* **Extracted information**
===
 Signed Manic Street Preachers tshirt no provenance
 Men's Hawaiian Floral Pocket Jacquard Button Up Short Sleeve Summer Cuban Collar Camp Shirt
===
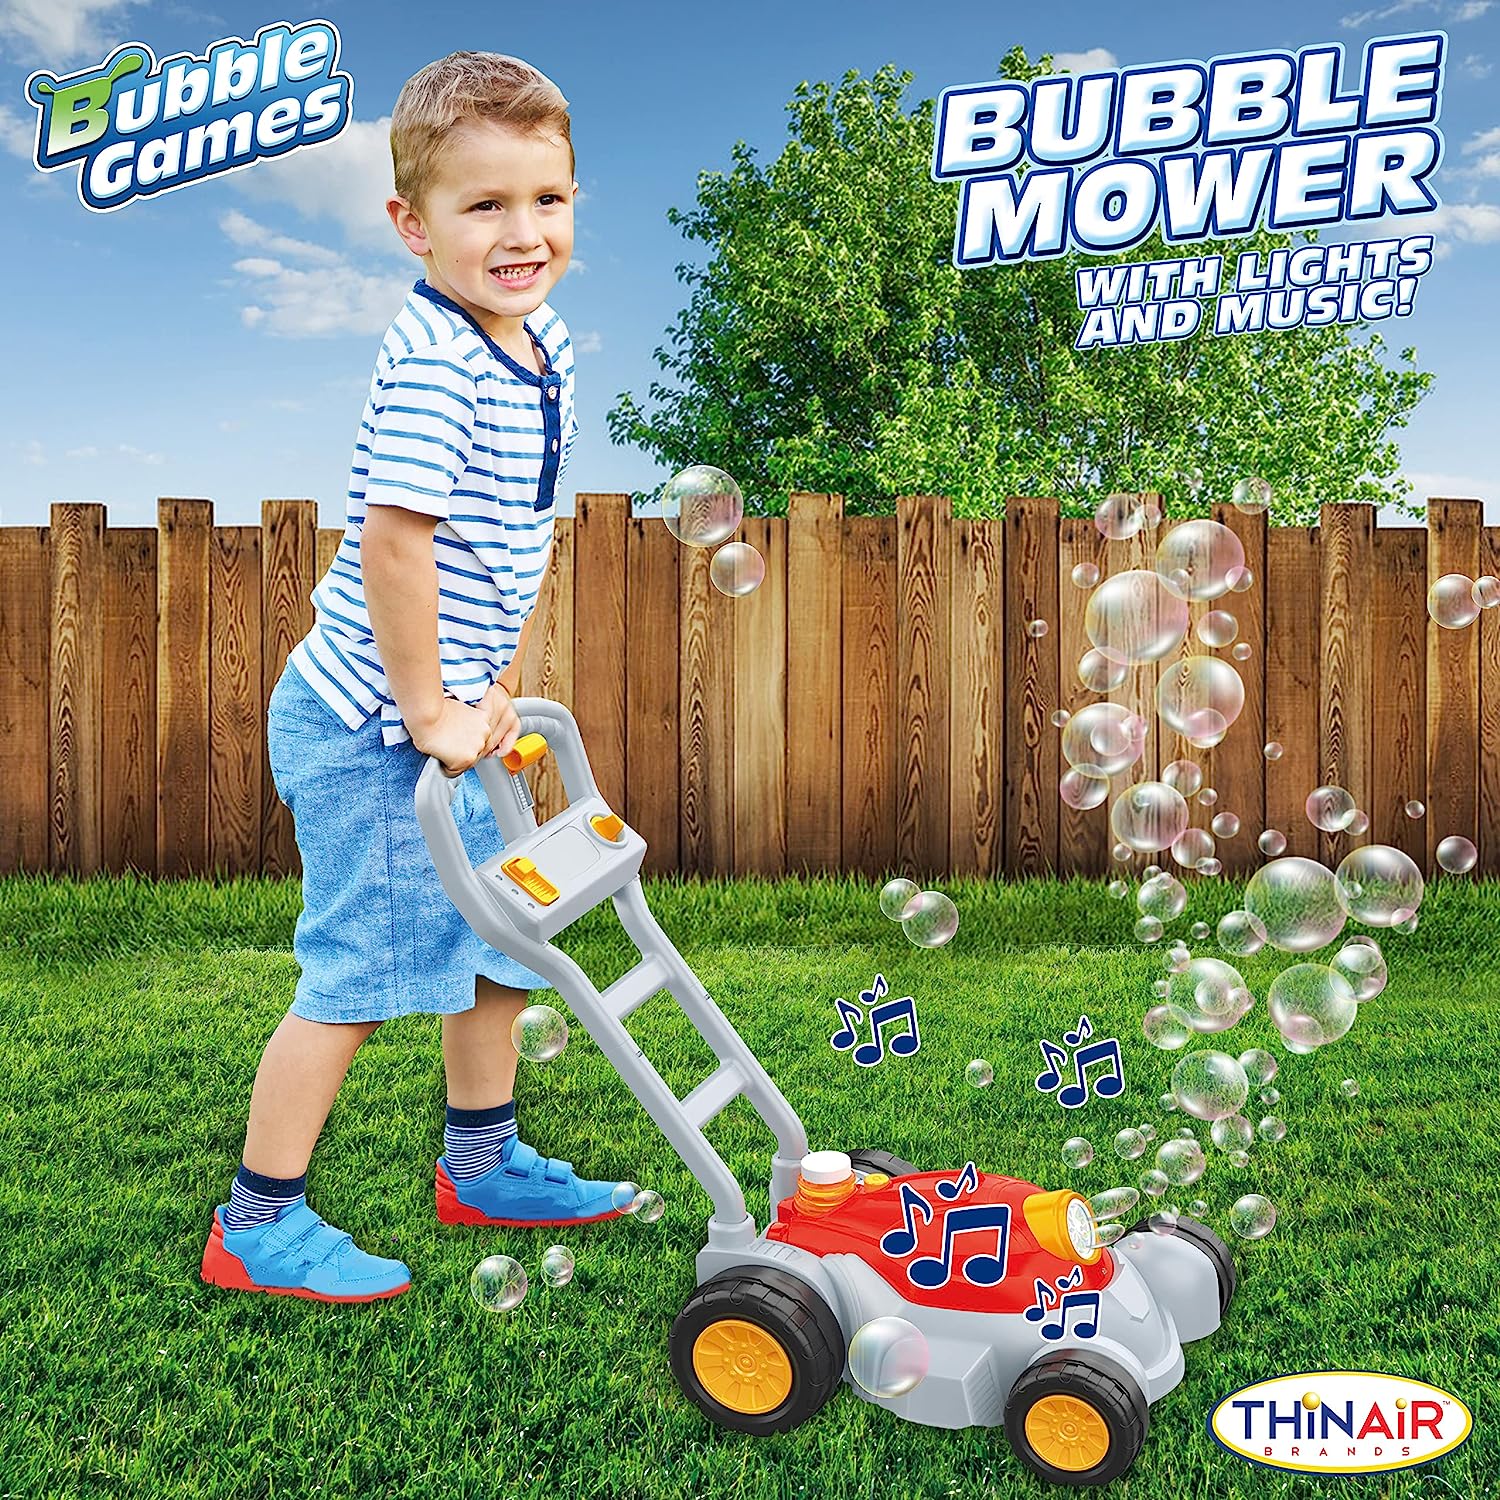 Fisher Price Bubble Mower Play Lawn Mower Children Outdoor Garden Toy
===
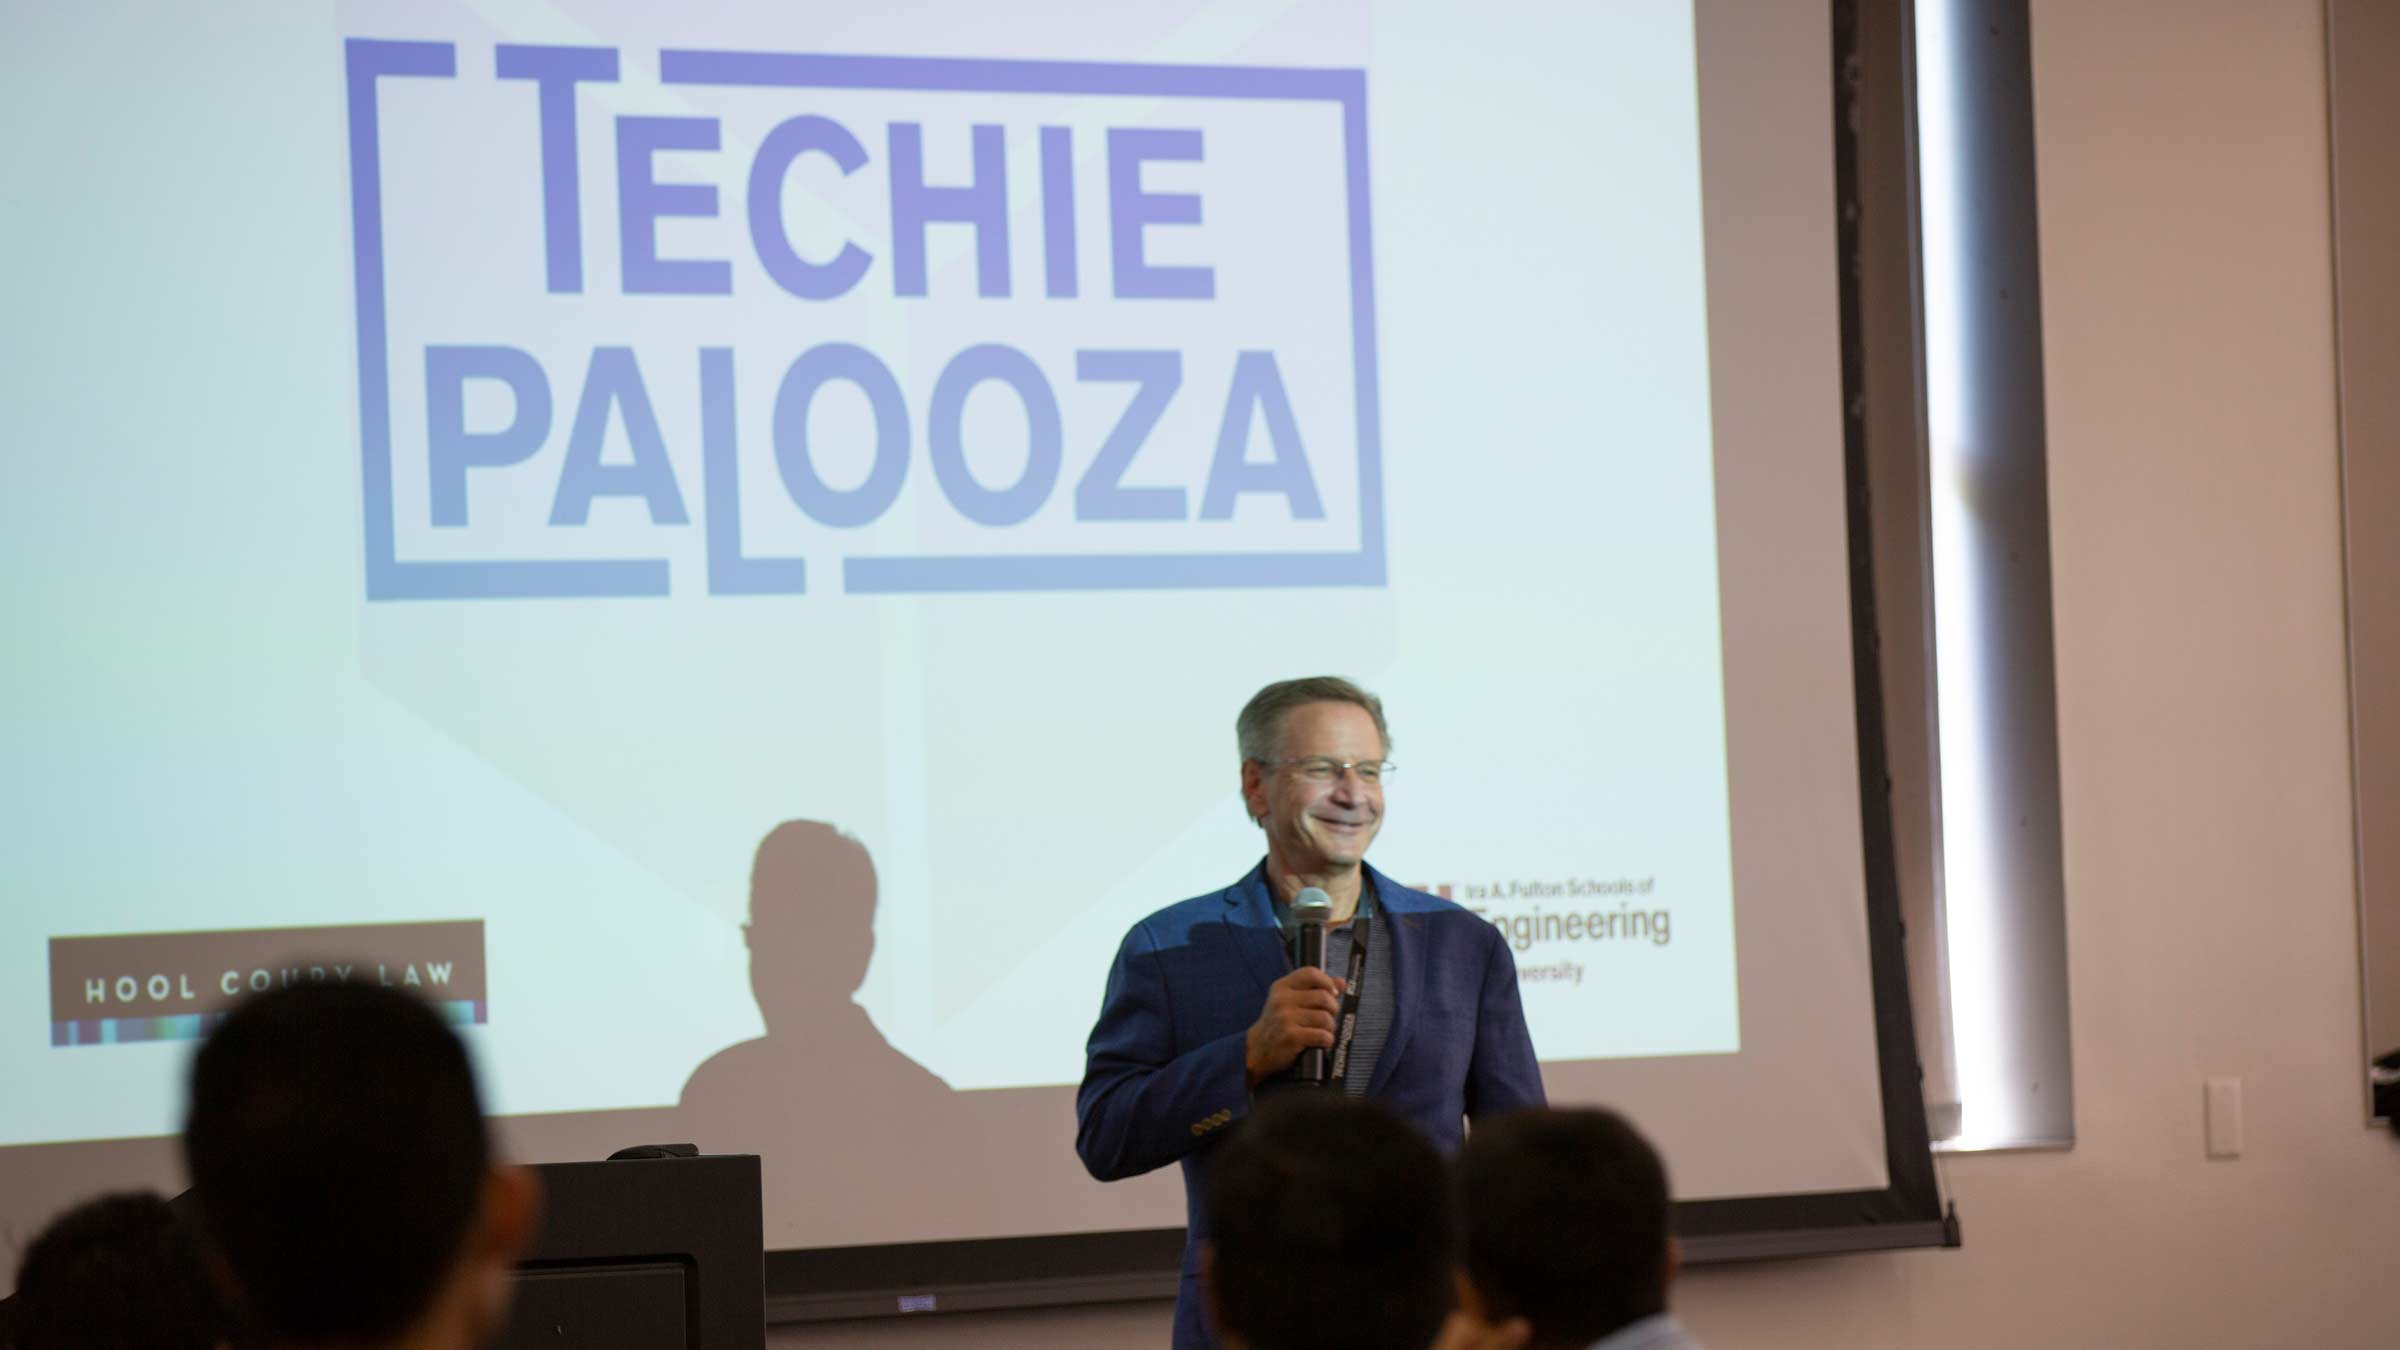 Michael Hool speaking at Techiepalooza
===
* **Exercise requirements**
Could you return exactly the lines above from the line with "Signed Manic Street" to the line with "Men's Hawaiian Floral", both included, and nothing else?

* **Your response**
 Signed Manic Street Preachers tshirt no provenance
 Men's Hawaiian Floral Pocket Jacquard Button Up Short Sleeve Summer Cuban Collar Camp Shirt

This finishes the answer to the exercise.